Data for analysis
——————

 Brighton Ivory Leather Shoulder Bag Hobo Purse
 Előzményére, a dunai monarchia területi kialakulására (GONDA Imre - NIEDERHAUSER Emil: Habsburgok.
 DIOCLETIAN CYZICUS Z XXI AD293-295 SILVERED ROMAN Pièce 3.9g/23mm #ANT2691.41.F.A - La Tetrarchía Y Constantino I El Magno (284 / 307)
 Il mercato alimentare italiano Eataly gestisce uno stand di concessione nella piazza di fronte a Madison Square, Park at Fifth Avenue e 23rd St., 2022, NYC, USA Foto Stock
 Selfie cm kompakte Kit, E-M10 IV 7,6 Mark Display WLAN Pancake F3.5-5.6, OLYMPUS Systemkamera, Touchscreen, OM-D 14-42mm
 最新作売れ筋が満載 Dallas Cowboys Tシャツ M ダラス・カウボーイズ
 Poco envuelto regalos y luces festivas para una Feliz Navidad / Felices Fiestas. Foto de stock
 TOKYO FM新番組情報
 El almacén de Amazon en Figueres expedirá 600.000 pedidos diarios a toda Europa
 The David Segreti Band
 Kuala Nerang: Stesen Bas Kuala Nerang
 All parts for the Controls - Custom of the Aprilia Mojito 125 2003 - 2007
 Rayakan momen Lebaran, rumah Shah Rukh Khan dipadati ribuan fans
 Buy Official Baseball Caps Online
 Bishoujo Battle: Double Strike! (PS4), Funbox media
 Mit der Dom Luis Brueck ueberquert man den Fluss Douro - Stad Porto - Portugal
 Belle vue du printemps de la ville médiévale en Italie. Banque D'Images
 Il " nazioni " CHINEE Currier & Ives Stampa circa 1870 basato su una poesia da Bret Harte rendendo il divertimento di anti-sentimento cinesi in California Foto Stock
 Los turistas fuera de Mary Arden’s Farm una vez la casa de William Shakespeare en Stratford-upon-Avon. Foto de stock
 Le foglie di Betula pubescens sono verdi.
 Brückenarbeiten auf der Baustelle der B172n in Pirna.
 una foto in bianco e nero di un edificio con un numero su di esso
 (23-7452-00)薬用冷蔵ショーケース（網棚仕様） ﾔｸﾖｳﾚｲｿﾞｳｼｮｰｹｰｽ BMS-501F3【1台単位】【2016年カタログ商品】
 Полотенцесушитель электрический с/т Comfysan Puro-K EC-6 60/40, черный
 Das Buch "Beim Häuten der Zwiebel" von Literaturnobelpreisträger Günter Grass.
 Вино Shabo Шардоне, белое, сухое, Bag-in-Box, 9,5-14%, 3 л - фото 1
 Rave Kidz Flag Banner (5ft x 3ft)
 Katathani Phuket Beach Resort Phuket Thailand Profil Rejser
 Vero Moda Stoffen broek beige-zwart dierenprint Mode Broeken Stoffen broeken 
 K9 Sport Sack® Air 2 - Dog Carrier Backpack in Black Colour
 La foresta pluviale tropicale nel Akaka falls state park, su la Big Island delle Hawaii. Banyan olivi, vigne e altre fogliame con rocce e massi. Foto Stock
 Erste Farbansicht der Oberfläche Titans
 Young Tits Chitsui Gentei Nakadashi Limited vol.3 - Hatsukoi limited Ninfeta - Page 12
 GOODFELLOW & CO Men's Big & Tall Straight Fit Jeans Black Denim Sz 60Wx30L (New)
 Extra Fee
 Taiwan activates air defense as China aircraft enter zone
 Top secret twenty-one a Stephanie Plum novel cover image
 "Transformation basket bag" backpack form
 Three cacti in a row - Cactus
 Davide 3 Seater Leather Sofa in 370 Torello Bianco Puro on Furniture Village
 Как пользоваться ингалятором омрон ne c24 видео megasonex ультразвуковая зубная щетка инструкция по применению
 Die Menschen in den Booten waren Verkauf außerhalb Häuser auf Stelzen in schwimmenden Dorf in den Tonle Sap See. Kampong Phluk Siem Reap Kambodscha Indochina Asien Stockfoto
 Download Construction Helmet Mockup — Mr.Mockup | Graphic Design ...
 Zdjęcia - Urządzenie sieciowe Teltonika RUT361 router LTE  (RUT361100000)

——————

Work instruction
Only one number is wanted: the number of lines in the listing that contain the string "Puro".

Answer to this task
2